Abstract Body (Do not enter title and authors here): Introduction
Cardiomyocyte proliferation is fundamental to heart development and regeneration. Although calcium release from the sarcoplasmic reticulum (SR) is well-known to drive cardiomyocyte contraction, how calcium dynamics are modified during mitosis is not well understood. In cardiomyocytes, RyR2 releases calcium from the SR to trigger contraction, while SERCA2a pumps it back to enable relaxation. We will investigate how the distribution and activity of RyR2 and SERCA2a are altered in proliferating cardiomyocytes.

Research Question
How is calcium signaling regulated during M-phase to support cardiomyocyte division?

Methods
We used neonatal rat ventricular cardiomyocytes to study calcium signaling during mitosis. Live-cell imaging with SiR-tubulin identified spindle microtubules and M-phase progression. We examined natural and exogenous CDK1/cyclin B1(MOI: 200)-induced M-phase and used antibodies to label SERCA2a, RyR2, and spindle poles. Intracellular calcium was visualized using Rhod-2 AM and confocal microscopy.

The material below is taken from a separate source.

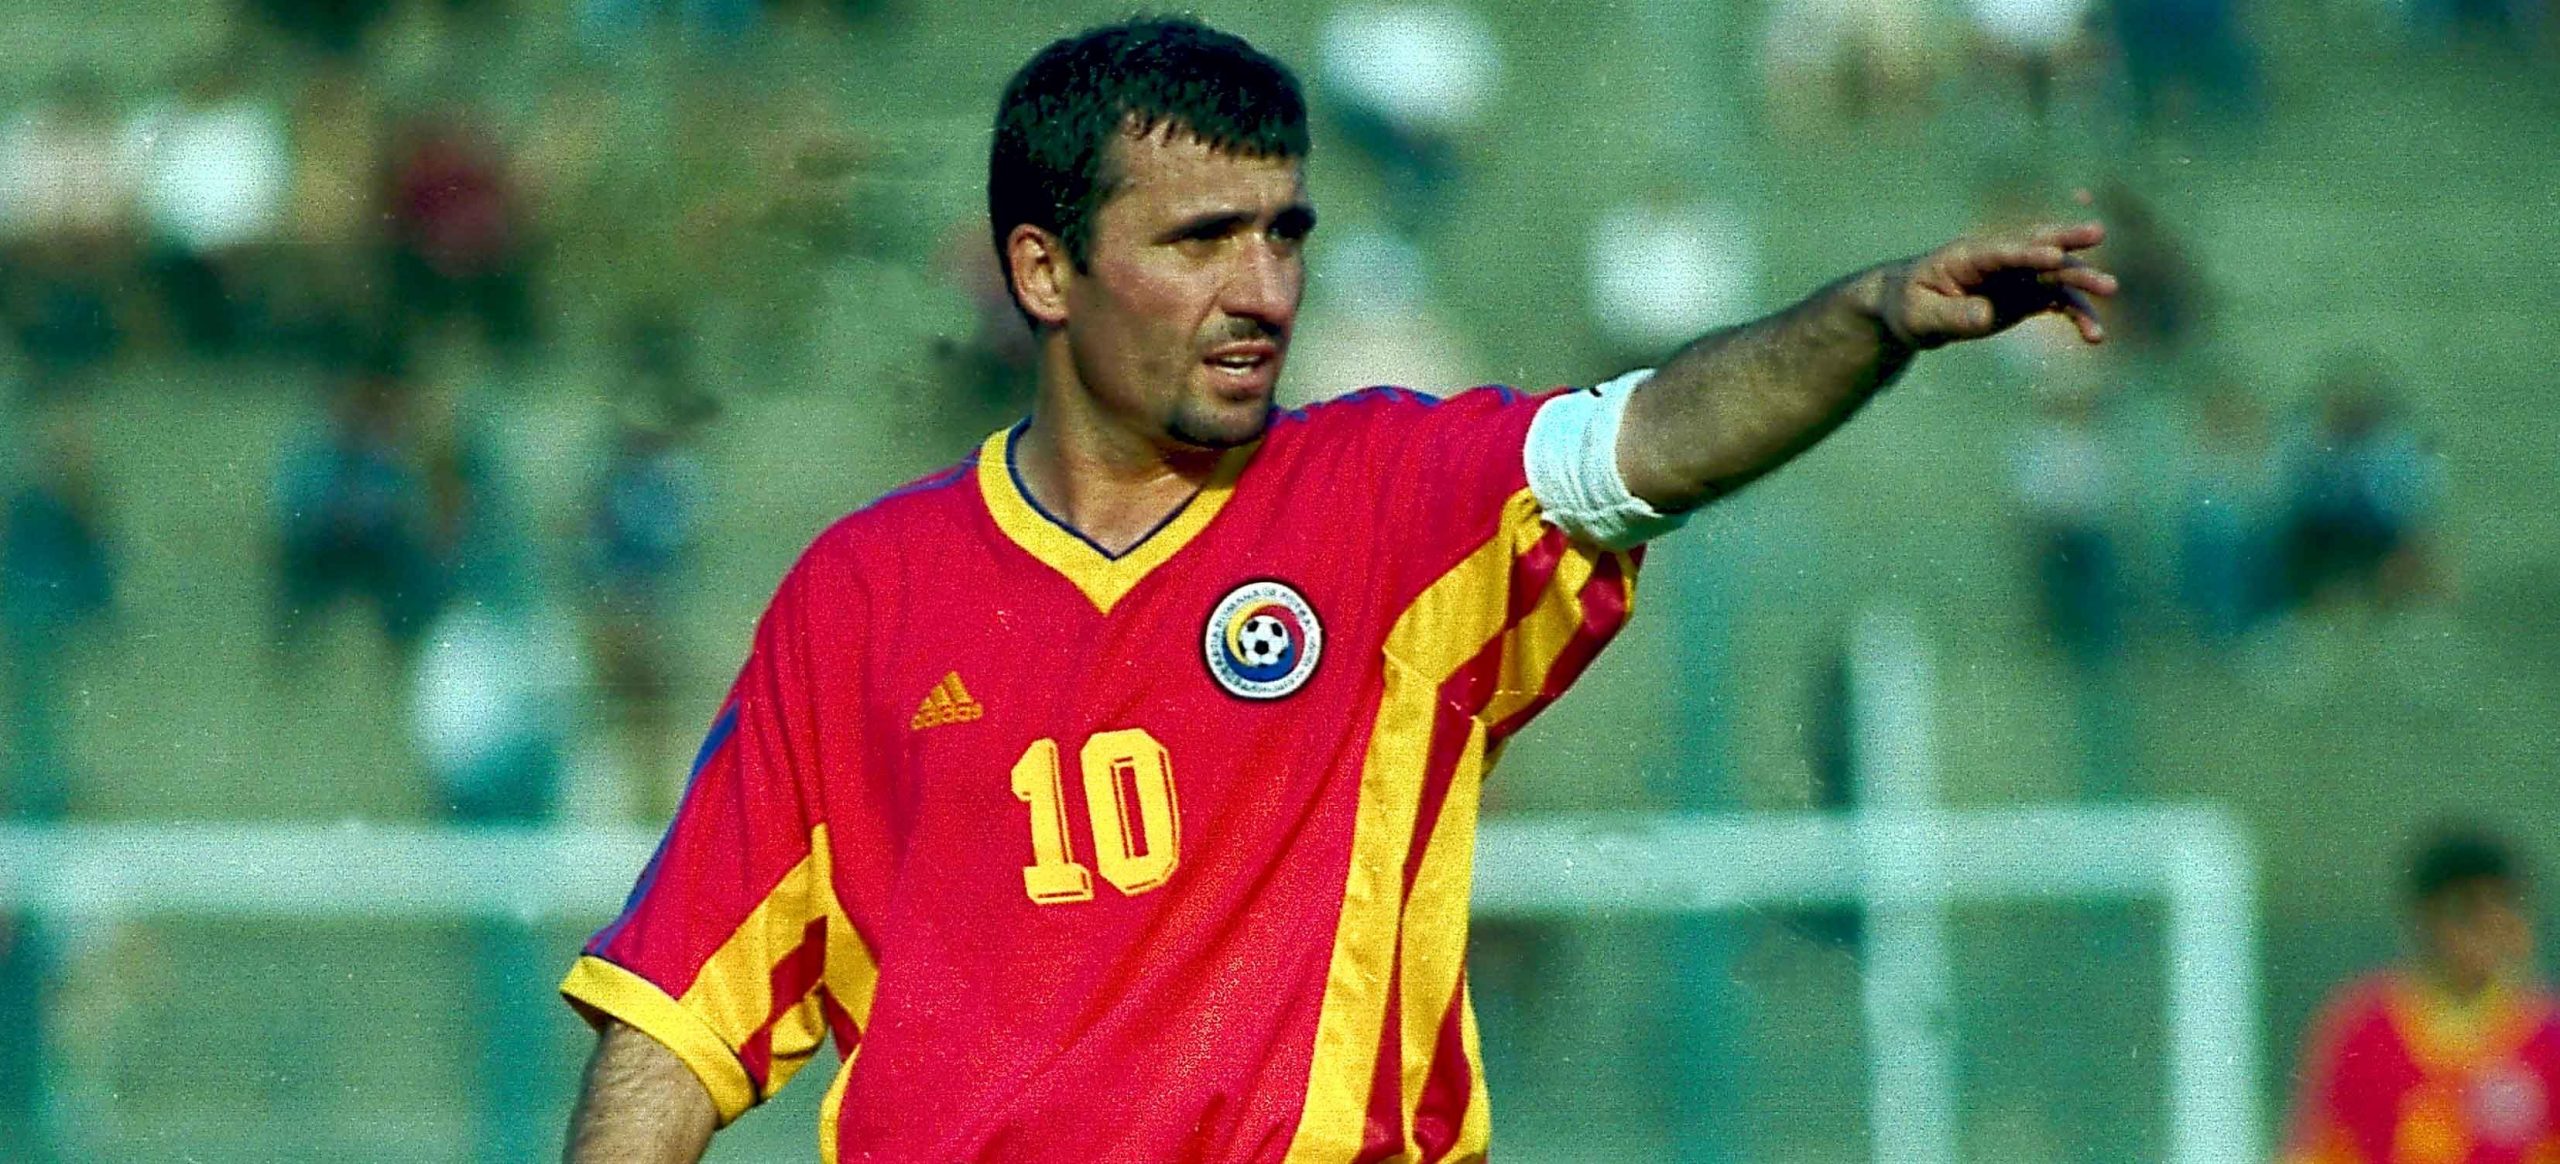 „Regele fotbalului românesc”, Gică Hagi, în top 100 al celor mai buni jucători din istorie!

Drugs were applied to modulate calcium, microtubule integrity, and dynein activity: thapsigargin (6 µM, SERCA2a inhibition), nocodazole (20 µM, microtubule disruption), and ciliobrevin D (120 µM, dynein 1 inhibition), respectively. A cardiomyocyte-specific knockout of Dync1h1 (Dynein Cytoplasmic 1 Heavy Chain 1) in αMHC-Cre;Dync1h1^Flox mice was used to study dynein-dependent SERCA2a transport. We analyzed total cardiomyocyte counts and M-phase activity in the Dync1h1 knockout mice.

Results
SERCA2a accumulated at spindle poles during M-phase, reducing local calcium levels without altering overall SR calcium content. Inhibiting SERCA2a with thapsigargin increased calcium at the spindle poles and prevented cardiomyocytes in early M-phase from progressing through metaphase. This treatment resulted in failed cell division, without inducing cell death. However, once cardiomyocytes had passed through metaphase, this treatment no longer inhibited their division. SERCA2a localization required both intact microtubules and dynein 1 activity. Dync1h1 knockout impaired the SERCA2a accumulation, suppressed cardiomyocyte proliferation, and reduced cardiomyocyte numbers in mice.

Conclusions
Spatial calcium regulation during M-phase, mediated by SERCA2a accumulation at spindle poles, is critical for mitotic progression in cardiomyocytes. Our findings suggest a strategy to enhance cardiomyocyte proliferation by targeting SERCA2a in research.